As for the series' finale, I had been warned that the show ends prematurely, and my research verified that the creators had intended to keep the show going for at least one more season (if not even more than that). On the other hand, I think that the creators may have known the show would be ending before they filmed the finale, because the sendoff does have a certain welcome finality to it. There's more story to be told, perhaps (Angel never did get the reward for his redemption that we all thought was coming - although one of the themes in this season was that doing good deeds is its own reward, and that that's all there is to it), and while some characters meet their tragic end, others survive through to the bombastic climax.

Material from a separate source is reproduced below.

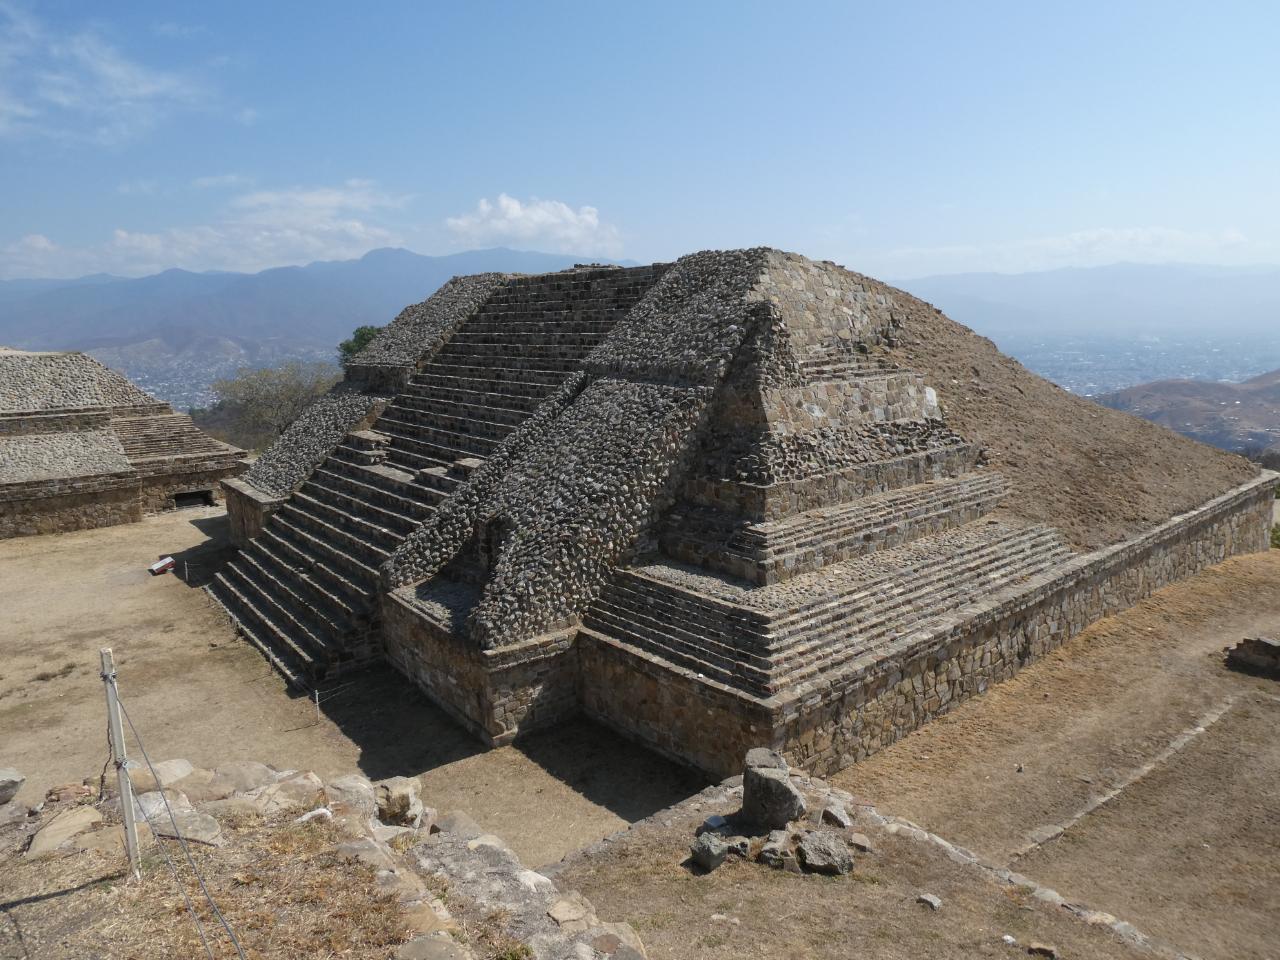 Photo 1: Monte Alban, le grand centre Zapothèque, Mexique

But the cliffhanger where the show ends off is perfectly calculated - the survivors facing overwhelming odds in an unprecedented show of power by the Senior Partners, infuriated by the critical blow Angel and his friends have managed to strike against them. You could believe that these are the advancing forces of evil that Angel will finally be unable to defeat, and that this is where his story finally ends. But you could just as easily believe that Angel and his companions will find a way to surmount these odds, as they have in every harrowing situation so far. It's not the infuriating cliffhanger I was fearing (imagine if the show had been canceled after the third season's cliffhanger!). It's a fitting end to the series, given the circumstances, that both feels like a loving farewell to the TV series, while leaving the story open to continuation in other media (comics, for example).